Requirement: With the pictures removed, please write out every line below exactly as given.

Source data:
_____
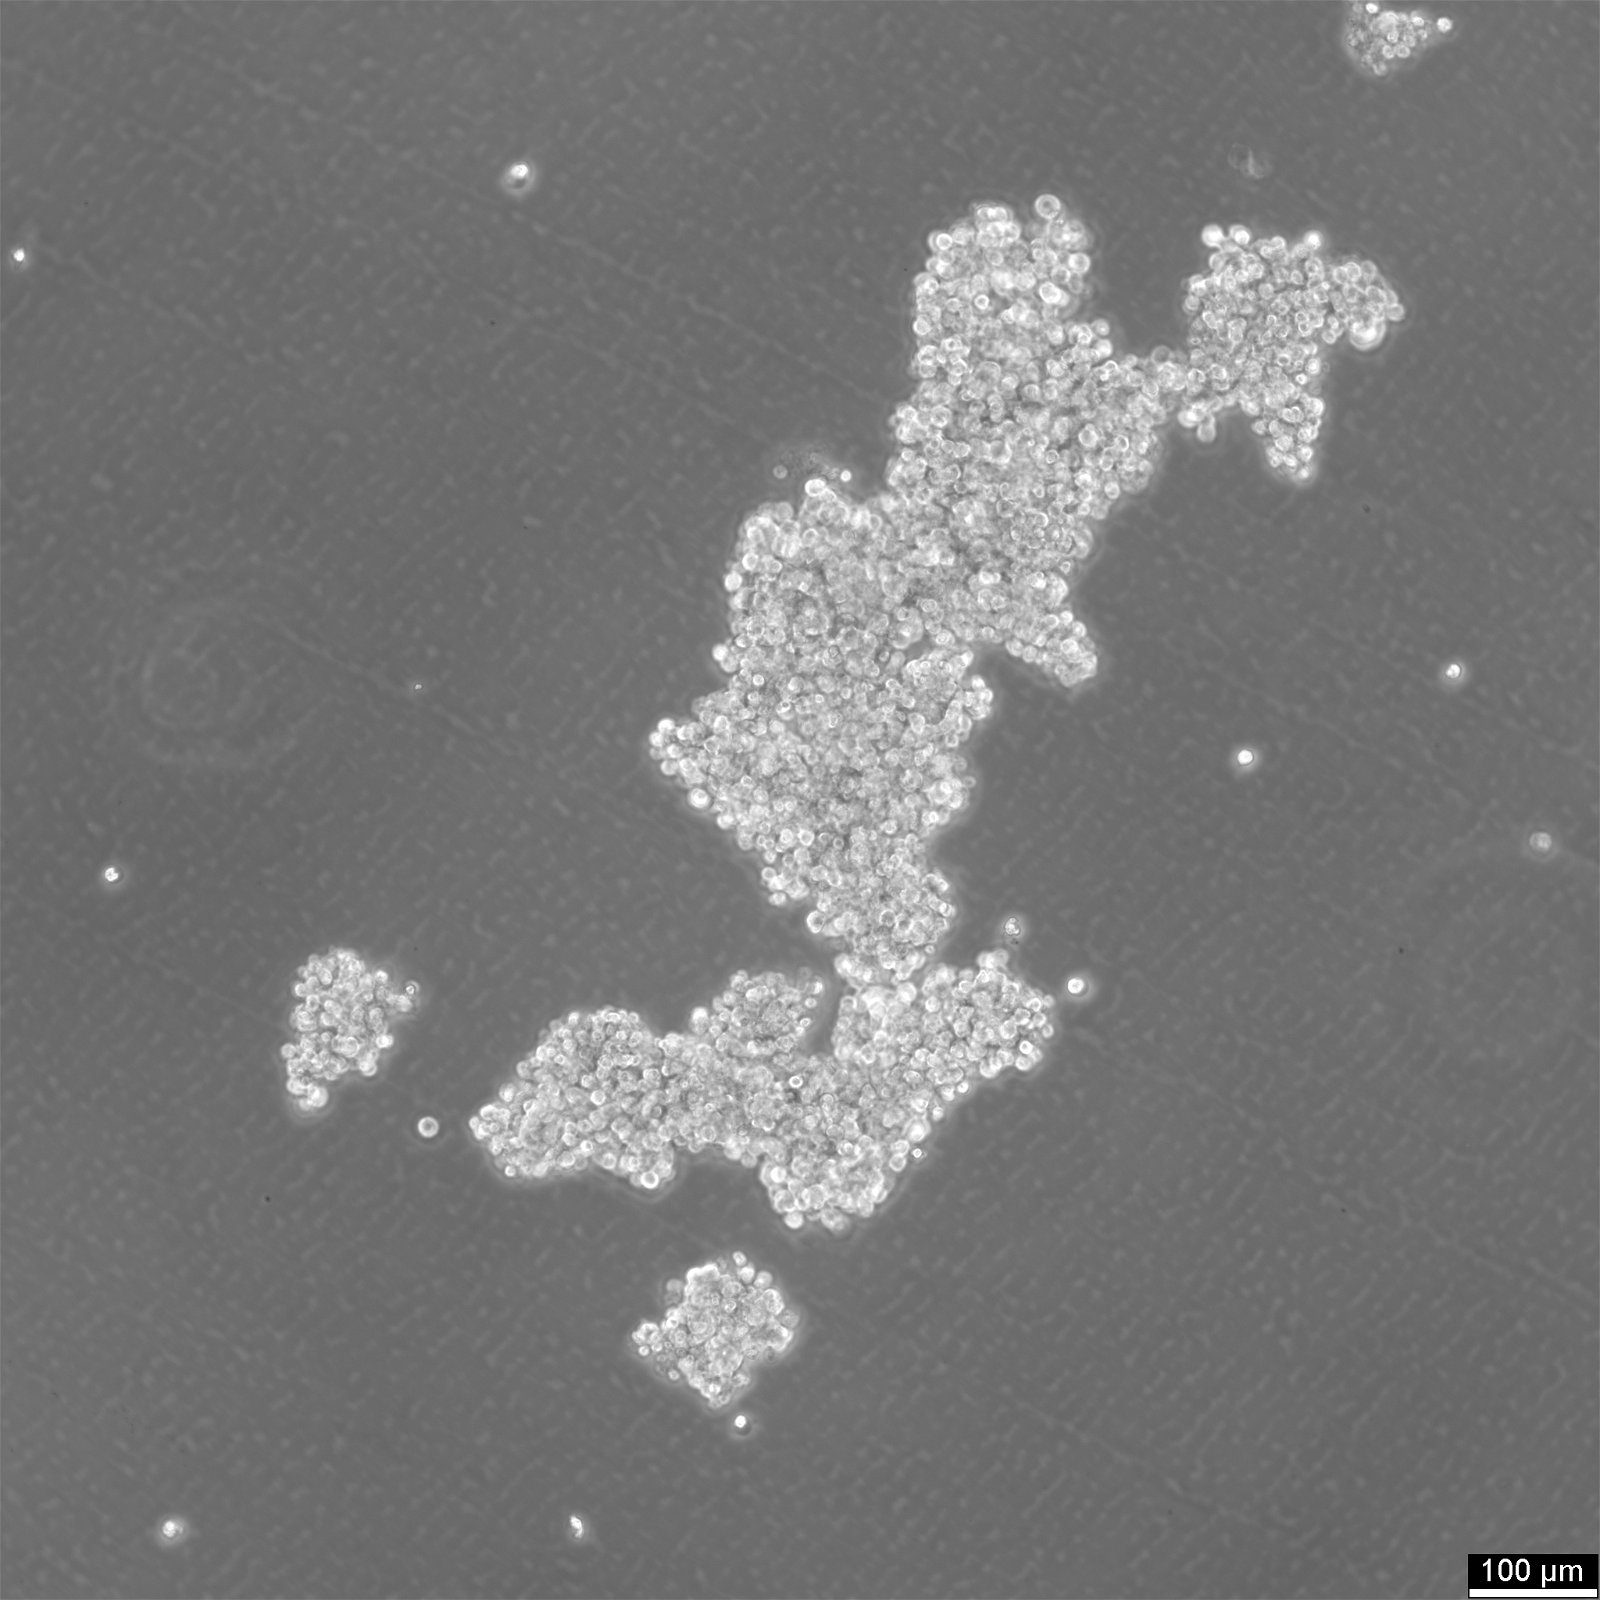 NCI-H524 Cells
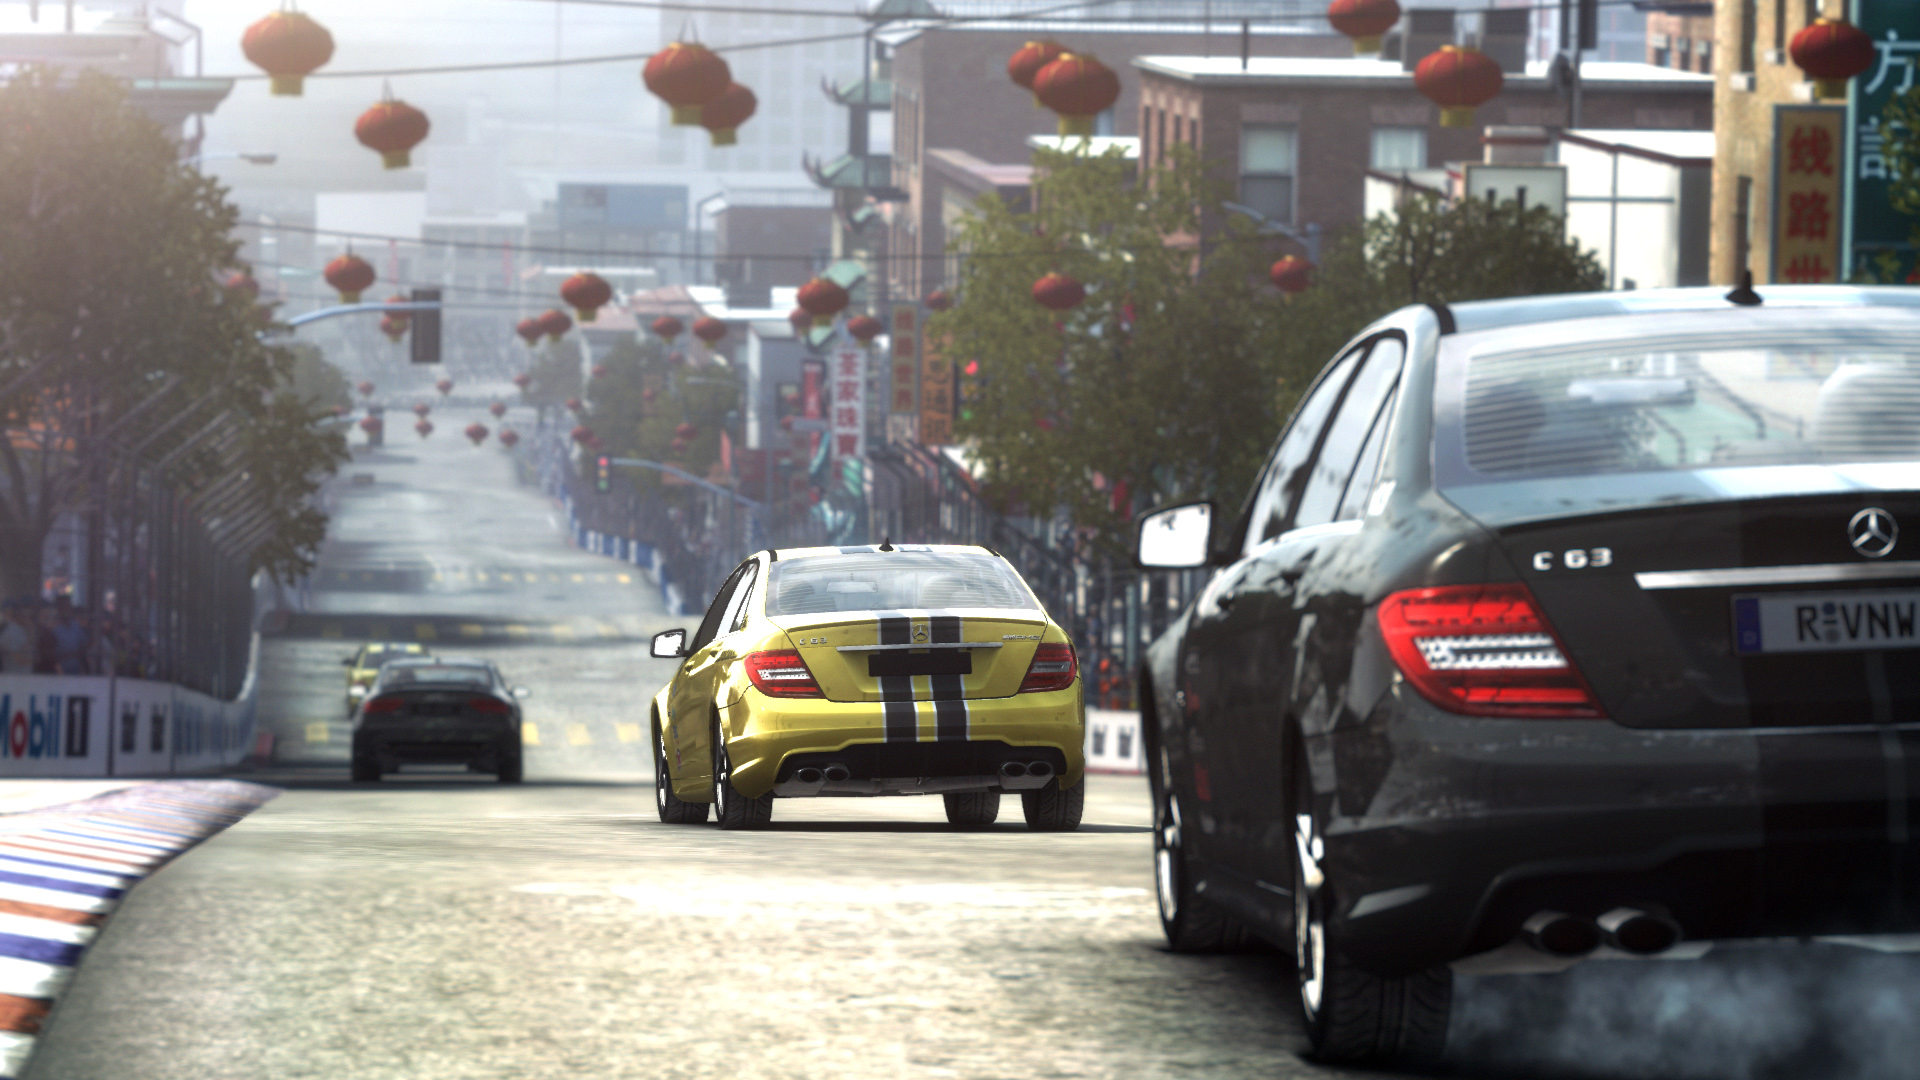 video game, grid autosport, grid
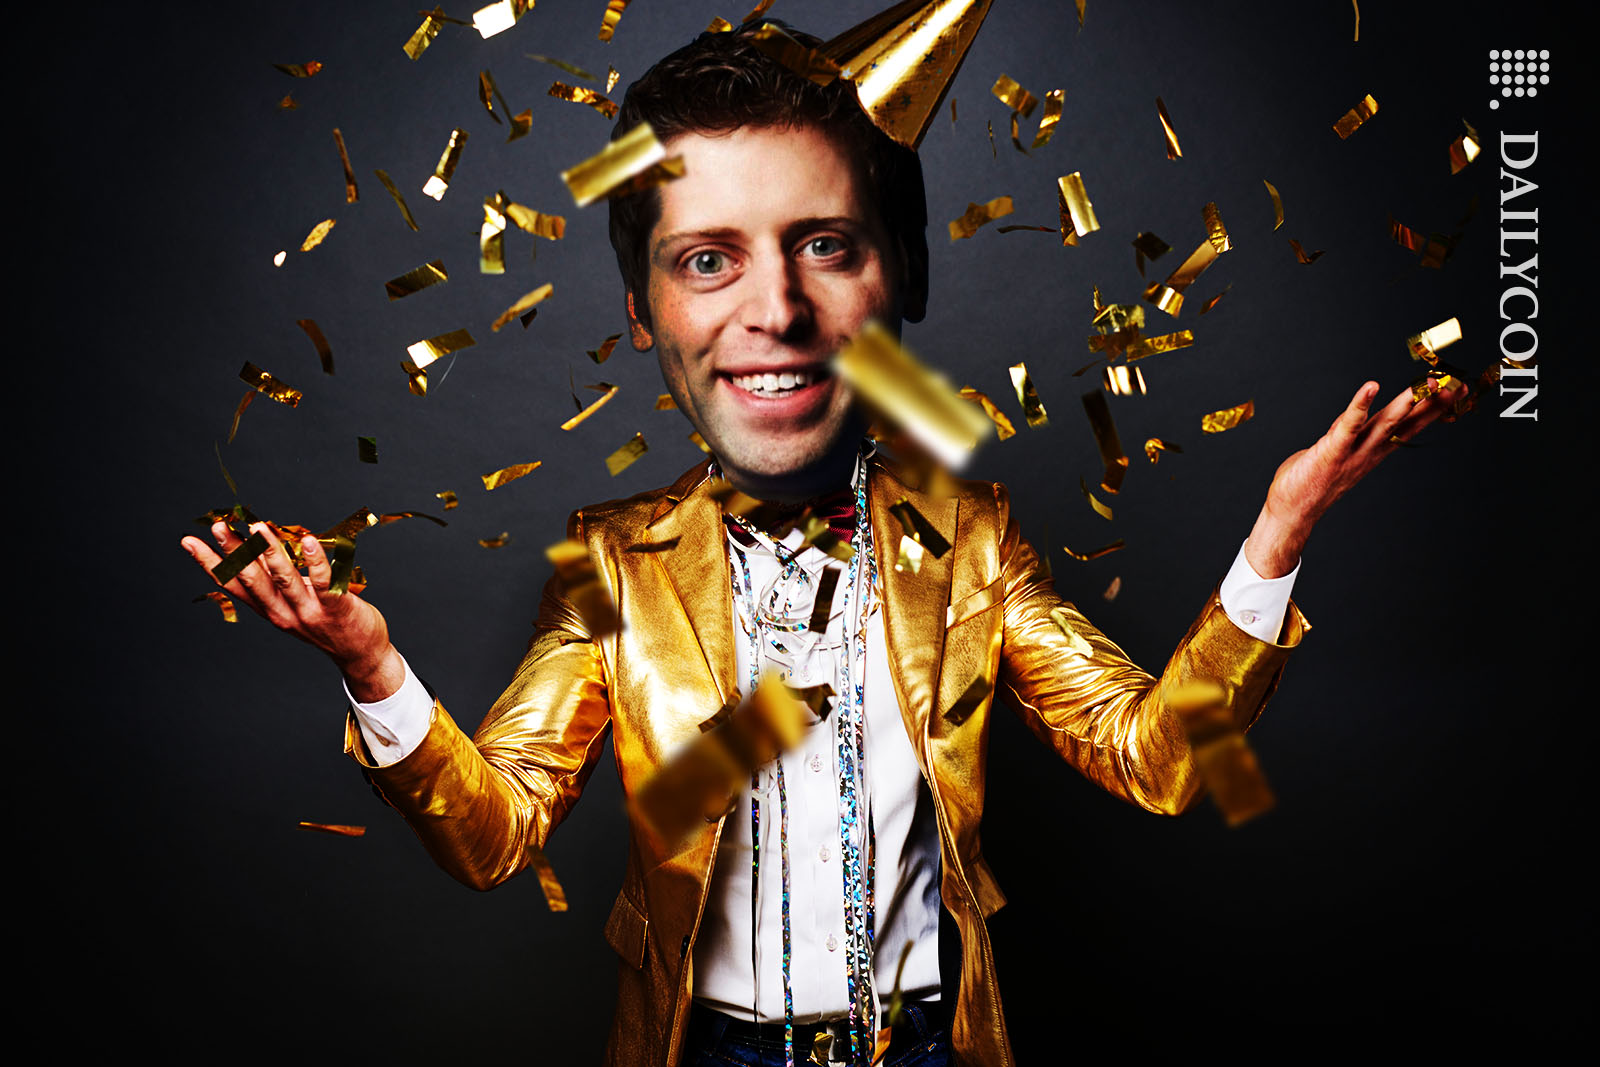 Samuel Altman looking slightly crazy, celebrating in a golden jacket throwing golden confetti around.
_____
Exercise result:
 NCI-H524 Cells
 video game, grid autosport, grid
 Samuel Altman looking slightly crazy, celebrating in a golden jacket throwing golden confetti around.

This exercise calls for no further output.